Would you repeat the listing exactly, without any of its images?

---------- Given data

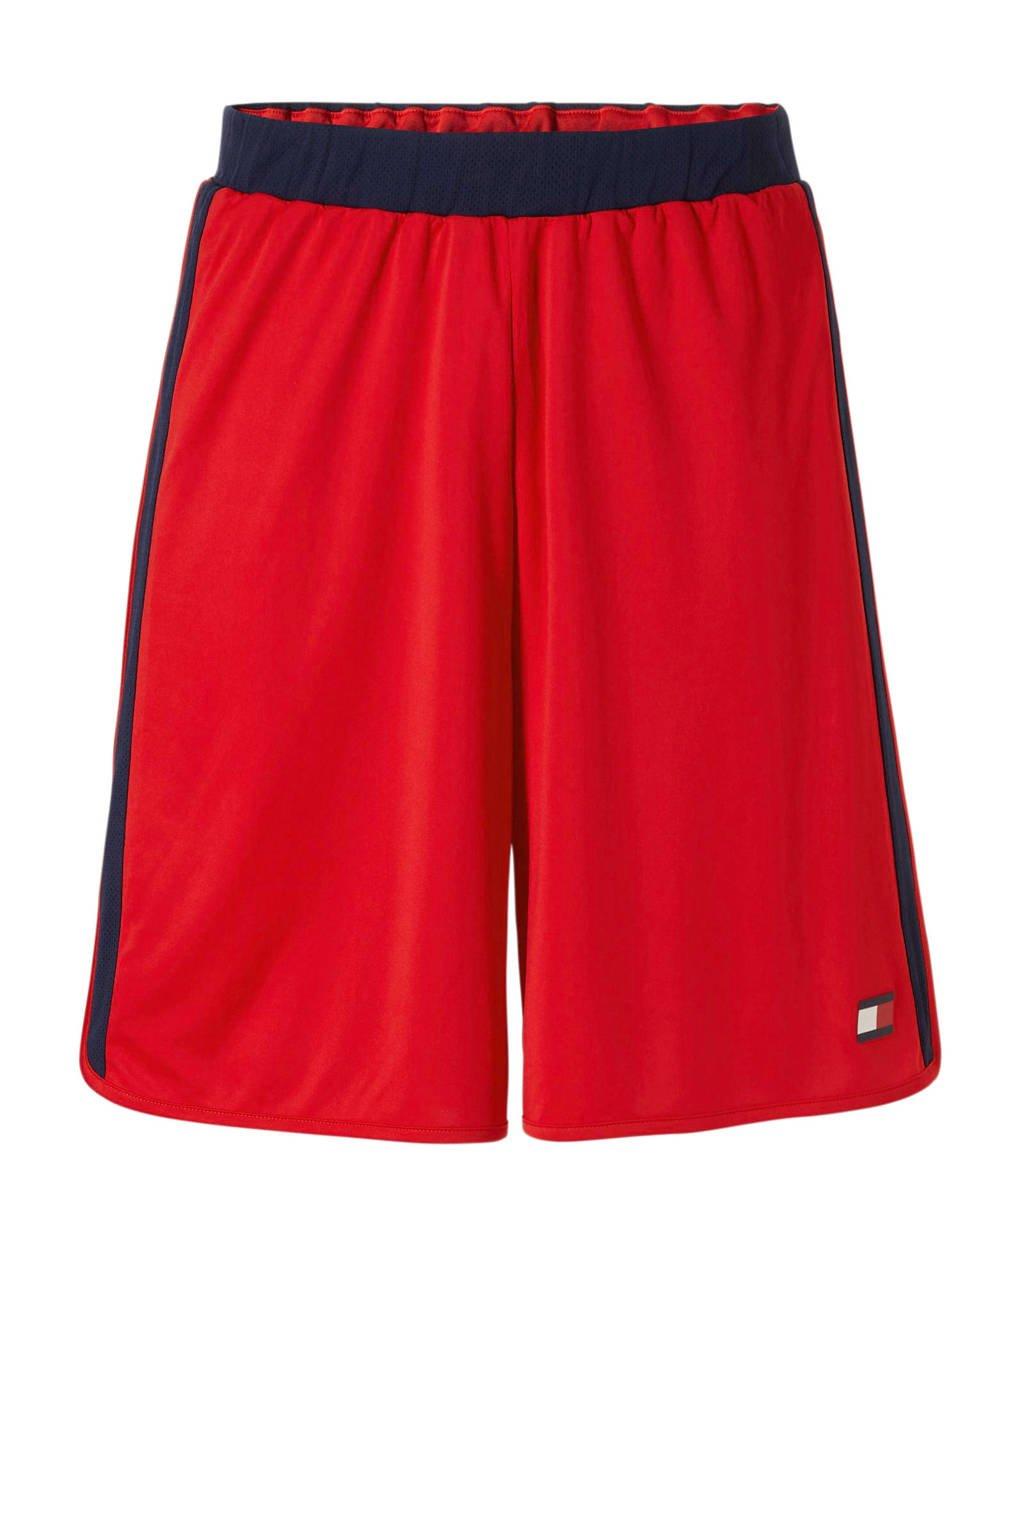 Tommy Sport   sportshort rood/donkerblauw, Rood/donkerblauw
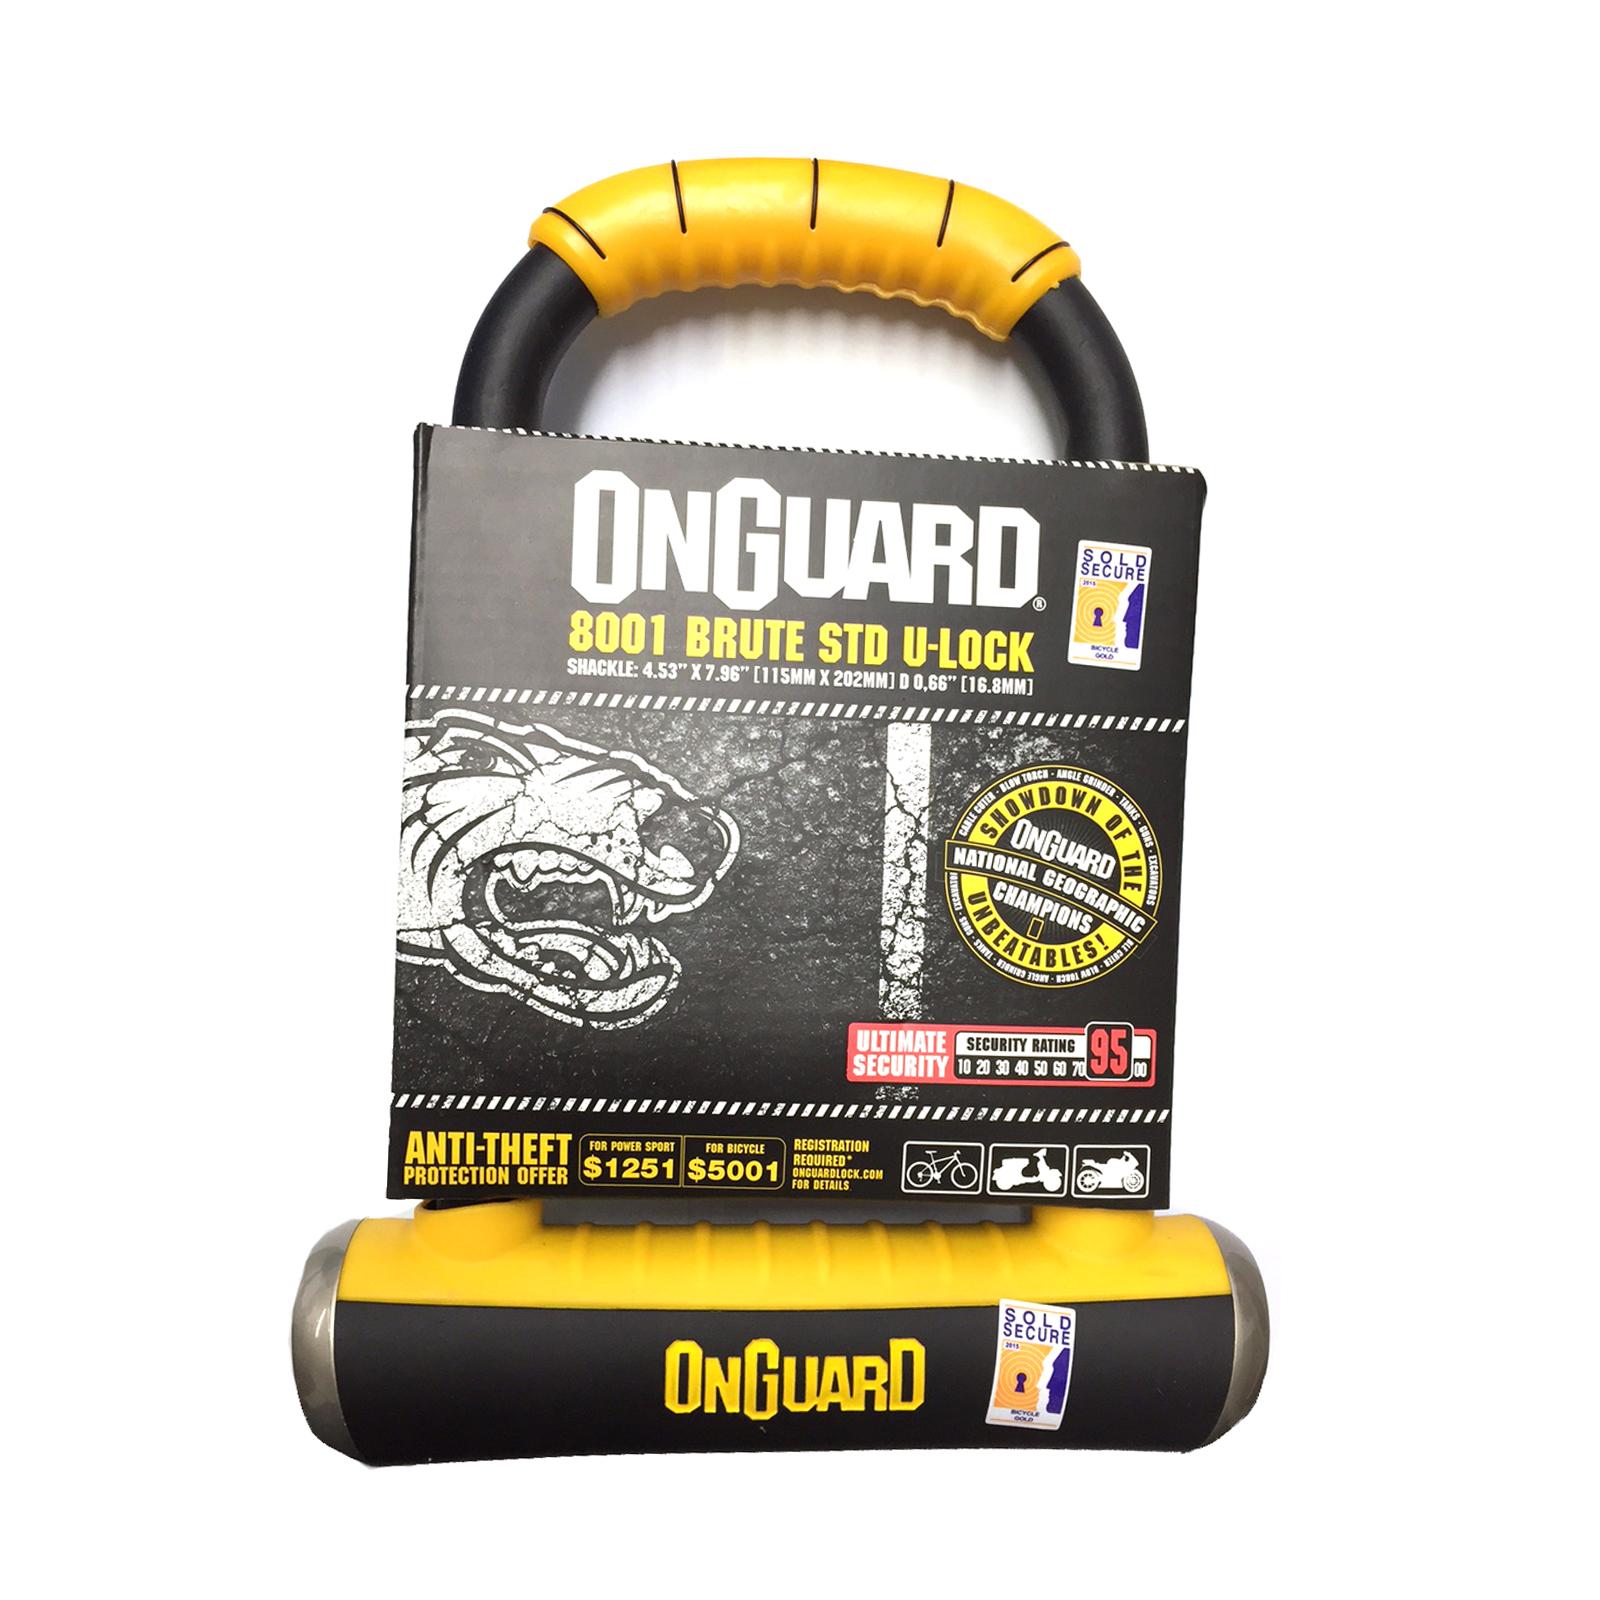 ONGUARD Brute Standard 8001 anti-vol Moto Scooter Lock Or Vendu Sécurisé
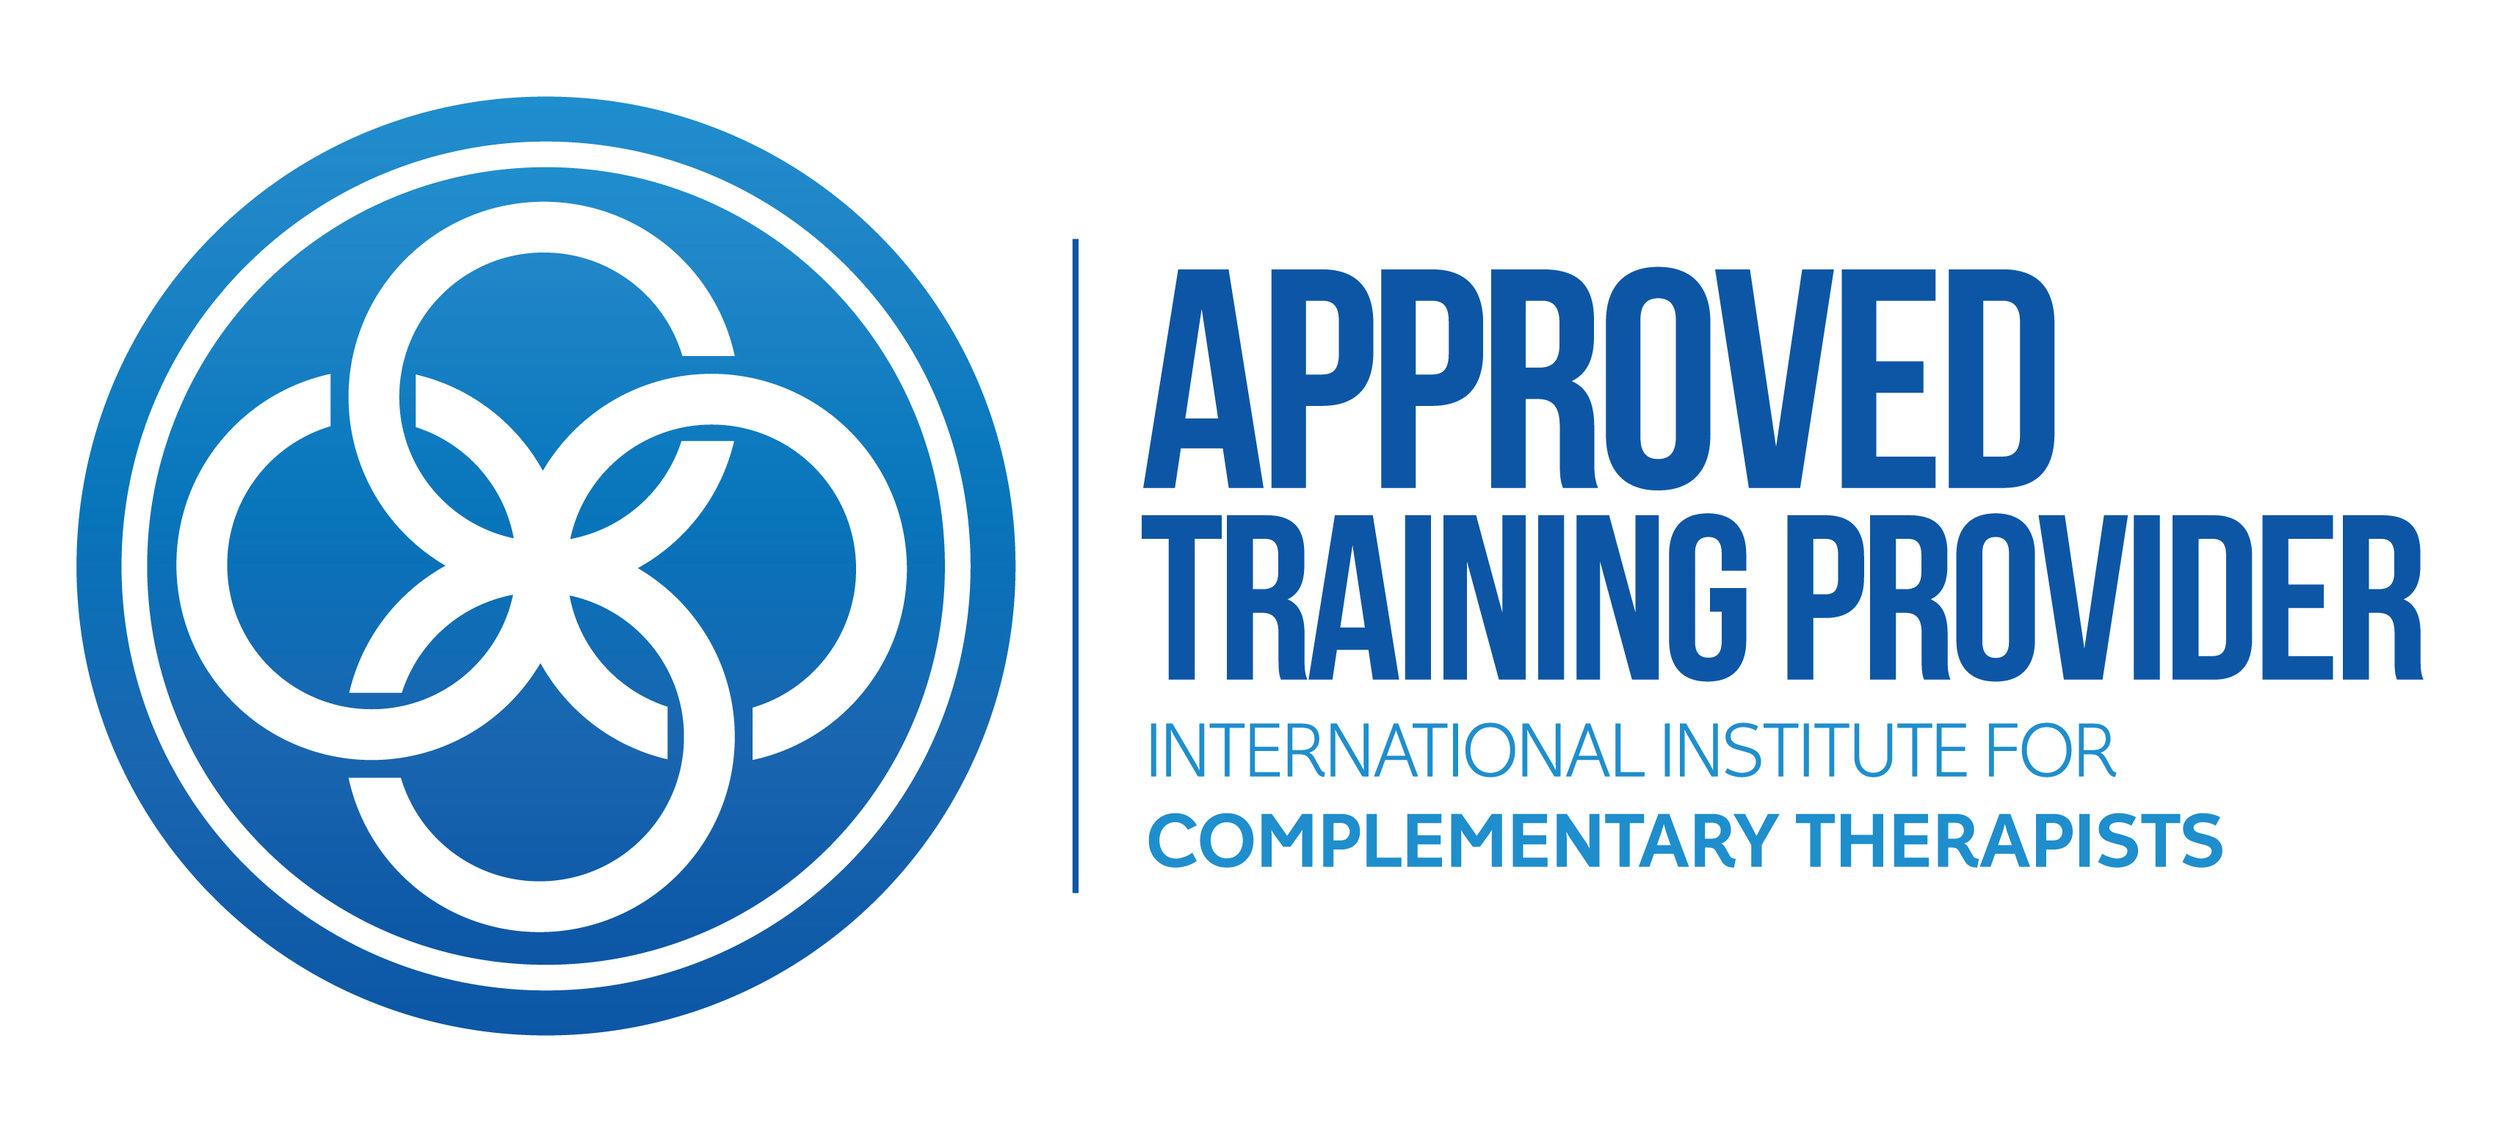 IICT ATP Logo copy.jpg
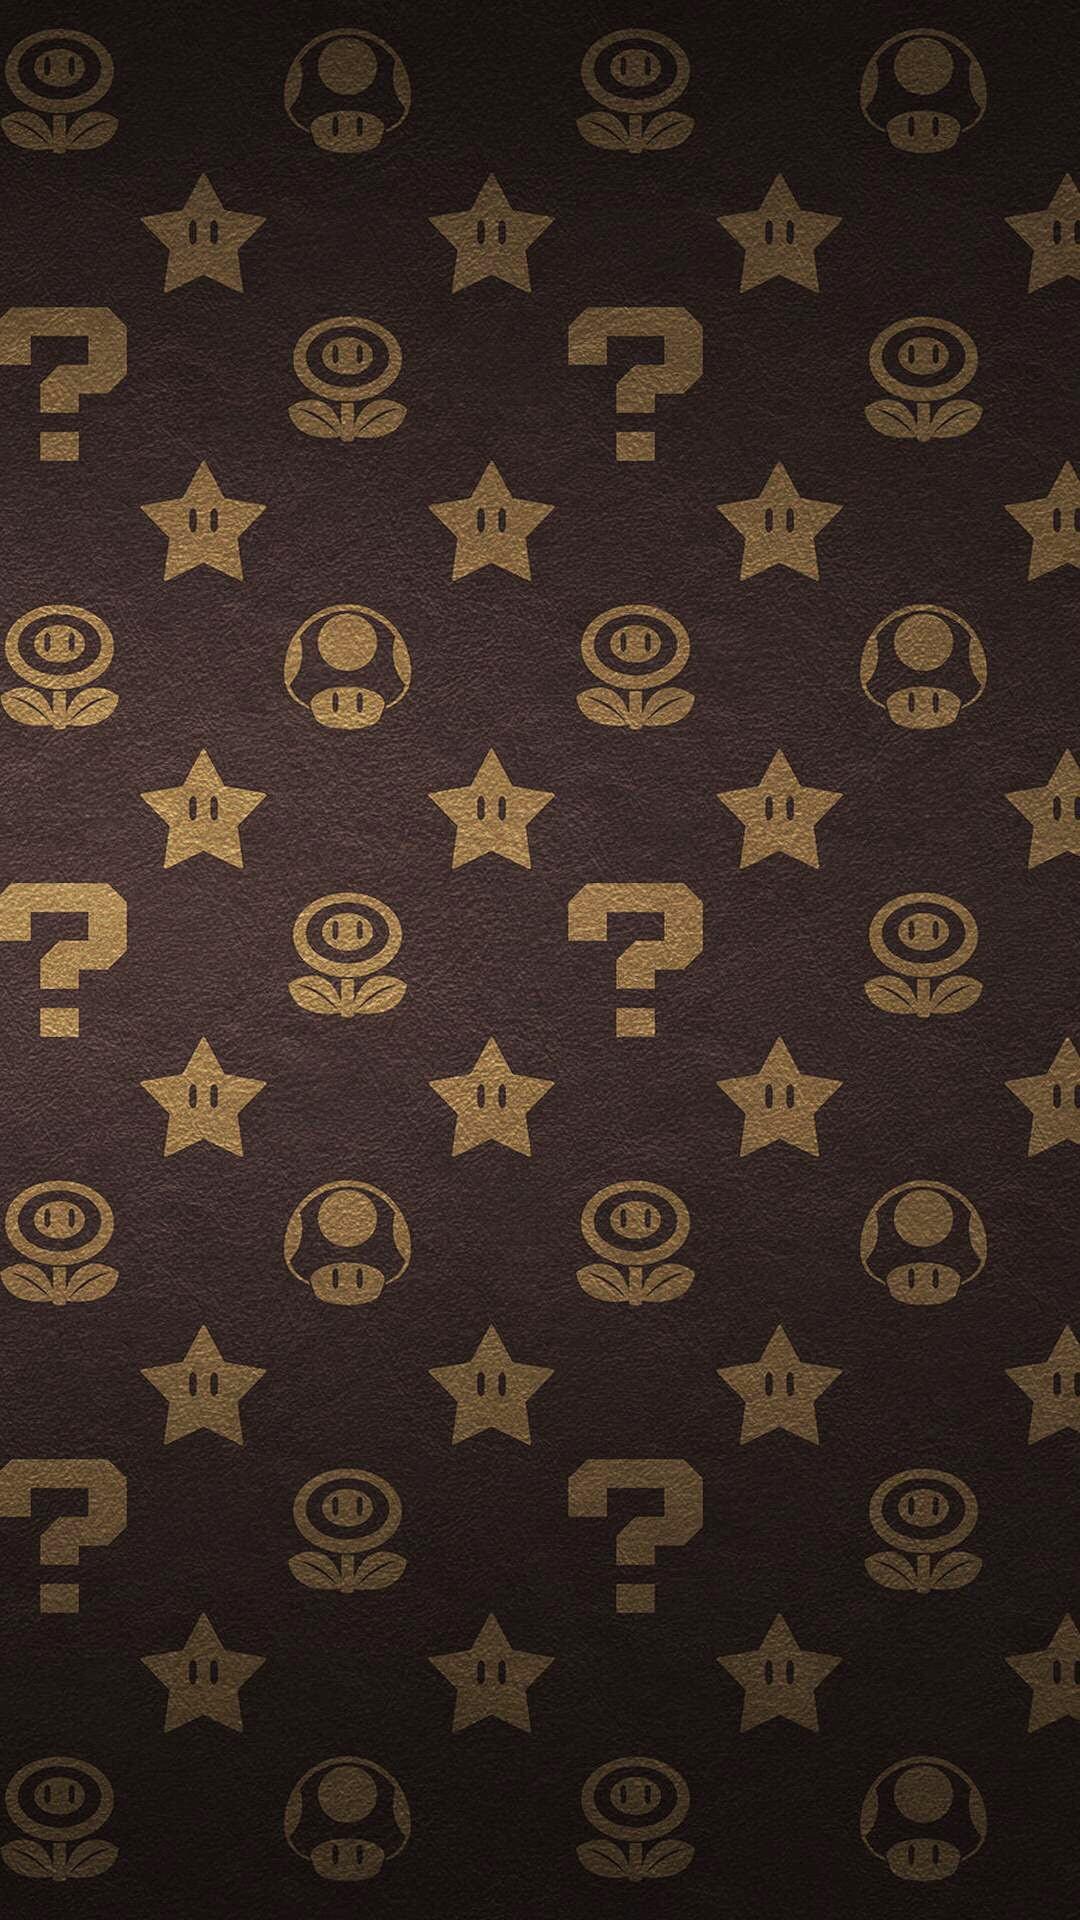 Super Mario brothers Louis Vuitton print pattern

--------------------

Written solution =
 Tommy Sport   sportshort rood/donkerblauw, Rood/donkerblauw
 ONGUARD Brute Standard 8001 anti-vol Moto Scooter Lock Or Vendu Sécurisé
 IICT ATP Logo copy.jpg
 Super Mario brothers Louis Vuitton print pattern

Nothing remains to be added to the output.